→ What the task requires: Transcribe each entry shown below with no difference from the original.
*** Opening Material for the task ***
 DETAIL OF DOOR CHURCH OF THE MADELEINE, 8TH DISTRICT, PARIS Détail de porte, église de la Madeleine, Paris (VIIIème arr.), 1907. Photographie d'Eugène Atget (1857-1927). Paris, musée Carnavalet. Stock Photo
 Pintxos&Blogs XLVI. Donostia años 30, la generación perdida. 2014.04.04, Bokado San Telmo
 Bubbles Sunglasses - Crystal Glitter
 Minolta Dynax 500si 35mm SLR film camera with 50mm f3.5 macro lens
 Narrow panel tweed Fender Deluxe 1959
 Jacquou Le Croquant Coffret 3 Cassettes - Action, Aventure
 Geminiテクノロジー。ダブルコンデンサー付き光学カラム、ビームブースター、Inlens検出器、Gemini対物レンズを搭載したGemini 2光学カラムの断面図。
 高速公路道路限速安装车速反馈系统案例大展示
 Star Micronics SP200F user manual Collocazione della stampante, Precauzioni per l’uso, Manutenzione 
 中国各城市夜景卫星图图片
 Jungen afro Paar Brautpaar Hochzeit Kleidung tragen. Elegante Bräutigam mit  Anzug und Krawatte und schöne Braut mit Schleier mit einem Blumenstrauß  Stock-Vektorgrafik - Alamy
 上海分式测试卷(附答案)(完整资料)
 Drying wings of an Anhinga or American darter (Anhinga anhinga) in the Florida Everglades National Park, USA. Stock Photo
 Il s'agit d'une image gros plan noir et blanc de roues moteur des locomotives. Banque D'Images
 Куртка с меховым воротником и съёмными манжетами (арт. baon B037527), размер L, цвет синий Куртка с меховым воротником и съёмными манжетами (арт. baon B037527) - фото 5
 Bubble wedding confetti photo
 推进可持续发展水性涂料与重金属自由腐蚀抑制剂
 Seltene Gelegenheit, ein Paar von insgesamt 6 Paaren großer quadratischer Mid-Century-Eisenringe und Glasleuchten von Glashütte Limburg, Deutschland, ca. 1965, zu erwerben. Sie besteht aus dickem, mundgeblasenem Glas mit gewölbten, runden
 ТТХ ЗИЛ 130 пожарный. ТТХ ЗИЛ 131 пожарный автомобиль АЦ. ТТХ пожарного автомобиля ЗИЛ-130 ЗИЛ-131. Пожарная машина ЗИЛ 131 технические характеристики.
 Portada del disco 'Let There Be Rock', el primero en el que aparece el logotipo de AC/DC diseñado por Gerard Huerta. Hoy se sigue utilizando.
*** Closing Material for the task ***
→ Problem solution:
 DETAIL OF DOOR CHURCH OF THE MADELEINE, 8TH DISTRICT, PARIS Détail de porte, église de la Madeleine, Paris (VIIIème arr.), 1907. Photographie d'Eugène Atget (1857-1927). Paris, musée Carnavalet. Stock Photo
 Pintxos&Blogs XLVI. Donostia años 30, la generación perdida. 2014.04.04, Bokado San Telmo
 Bubbles Sunglasses - Crystal Glitter
 Minolta Dynax 500si 35mm SLR film camera with 50mm f3.5 macro lens
 Narrow panel tweed Fender Deluxe 1959
 Jacquou Le Croquant Coffret 3 Cassettes - Action, Aventure
 Geminiテクノロジー。ダブルコンデンサー付き光学カラム、ビームブースター、Inlens検出器、Gemini対物レンズを搭載したGemini 2光学カラムの断面図。
 高速公路道路限速安装车速反馈系统案例大展示
 Star Micronics SP200F user manual Collocazione della stampante, Precauzioni per l’uso, Manutenzione 
 中国各城市夜景卫星图图片
 Jungen afro Paar Brautpaar Hochzeit Kleidung tragen. Elegante Bräutigam mit  Anzug und Krawatte und schöne Braut mit Schleier mit einem Blumenstrauß  Stock-Vektorgrafik - Alamy
 上海分式测试卷(附答案)(完整资料)
 Drying wings of an Anhinga or American darter (Anhinga anhinga) in the Florida Everglades National Park, USA. Stock Photo
 Il s'agit d'une image gros plan noir et blanc de roues moteur des locomotives. Banque D'Images
 Куртка с меховым воротником и съёмными манжетами (арт. baon B037527), размер L, цвет синий Куртка с меховым воротником и съёмными манжетами (арт. baon B037527) - фото 5
 Bubble wedding confetti photo
 推进可持续发展水性涂料与重金属自由腐蚀抑制剂
 Seltene Gelegenheit, ein Paar von insgesamt 6 Paaren großer quadratischer Mid-Century-Eisenringe und Glasleuchten von Glashütte Limburg, Deutschland, ca. 1965, zu erwerben. Sie besteht aus dickem, mundgeblasenem Glas mit gewölbten, runden
 ТТХ ЗИЛ 130 пожарный. ТТХ ЗИЛ 131 пожарный автомобиль АЦ. ТТХ пожарного автомобиля ЗИЛ-130 ЗИЛ-131. Пожарная машина ЗИЛ 131 технические характеристики.
 Portada del disco 'Let There Be Rock', el primero en el que aparece el logotipo de AC/DC diseñado por Gerard Huerta. Hoy se sigue utilizando.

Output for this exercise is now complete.